Work request = The answer is the line that contains "Minuteman Press, one" followed by every later line of the entries below, each repeated exactly, and nothing else.
+===+
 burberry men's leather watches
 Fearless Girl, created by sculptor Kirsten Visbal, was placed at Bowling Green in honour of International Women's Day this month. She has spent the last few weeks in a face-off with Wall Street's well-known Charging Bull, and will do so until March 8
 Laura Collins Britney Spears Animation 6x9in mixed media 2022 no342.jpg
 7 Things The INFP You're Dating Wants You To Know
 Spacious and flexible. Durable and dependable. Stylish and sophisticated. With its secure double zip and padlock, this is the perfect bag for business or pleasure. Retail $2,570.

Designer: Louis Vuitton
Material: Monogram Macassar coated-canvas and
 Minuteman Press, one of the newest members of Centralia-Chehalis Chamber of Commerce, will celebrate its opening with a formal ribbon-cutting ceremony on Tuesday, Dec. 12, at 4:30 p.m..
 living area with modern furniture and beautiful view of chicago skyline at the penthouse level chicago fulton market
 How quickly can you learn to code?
+===+
Written response =
 Minuteman Press, one of the newest members of Centralia-Chehalis Chamber of Commerce, will celebrate its opening with a formal ribbon-cutting ceremony on Tuesday, Dec. 12, at 4:30 p.m..
 living area with modern furniture and beautiful view of chicago skyline at the penthouse level chicago fulton market
 How quickly can you learn to code?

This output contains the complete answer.